----- EXTRACTED MATERIAL

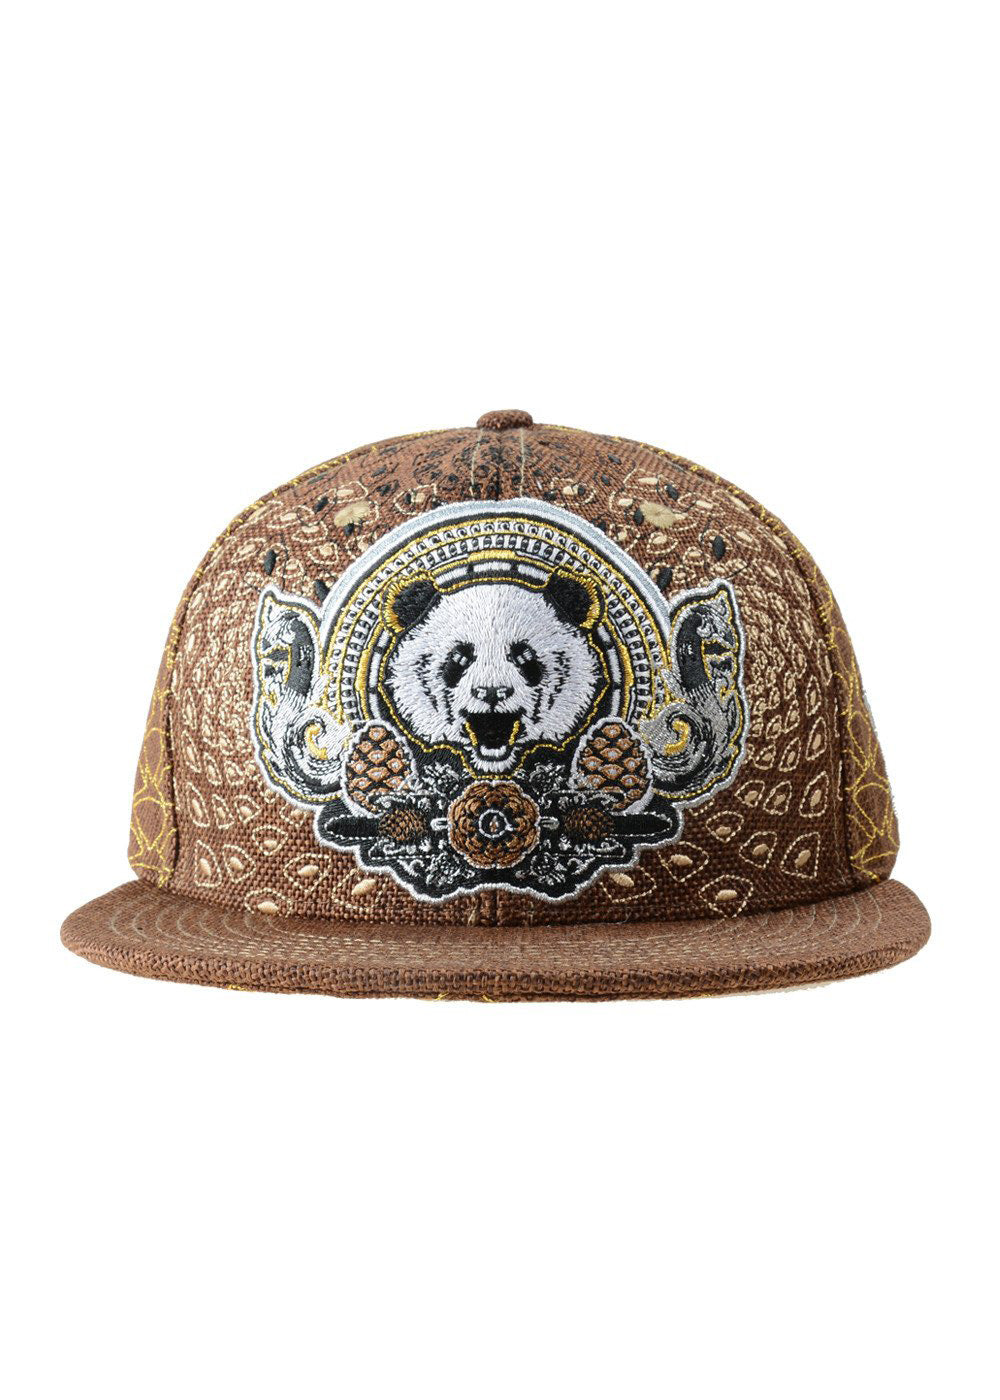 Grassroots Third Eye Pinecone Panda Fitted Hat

----------
----- EXTRACTED MATERIAL

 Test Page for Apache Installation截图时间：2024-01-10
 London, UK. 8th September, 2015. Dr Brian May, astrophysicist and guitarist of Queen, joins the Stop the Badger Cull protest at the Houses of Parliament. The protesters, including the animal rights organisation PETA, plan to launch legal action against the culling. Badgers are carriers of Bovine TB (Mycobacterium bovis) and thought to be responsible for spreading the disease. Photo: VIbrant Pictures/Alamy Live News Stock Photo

----------

WORK INSTRUCTIONS
From the listing above, repeat exactly the lines starting at the line that includes "Test Page for" and ending at the line that includes "London, UK. 8th", with nothing outside that span.

ANSWER BELOW
 Test Page for Apache Installation截图时间：2024-01-10
 London, UK. 8th September, 2015. Dr Brian May, astrophysicist and guitarist of Queen, joins the Stop the Badger Cull protest at the Houses of Parliament. The protesters, including the animal rights organisation PETA, plan to launch legal action against the culling. Badgers are carriers of Bovine TB (Mycobacterium bovis) and thought to be responsible for spreading the disease. Photo: VIbrant Pictures/Alamy Live News Stock Photo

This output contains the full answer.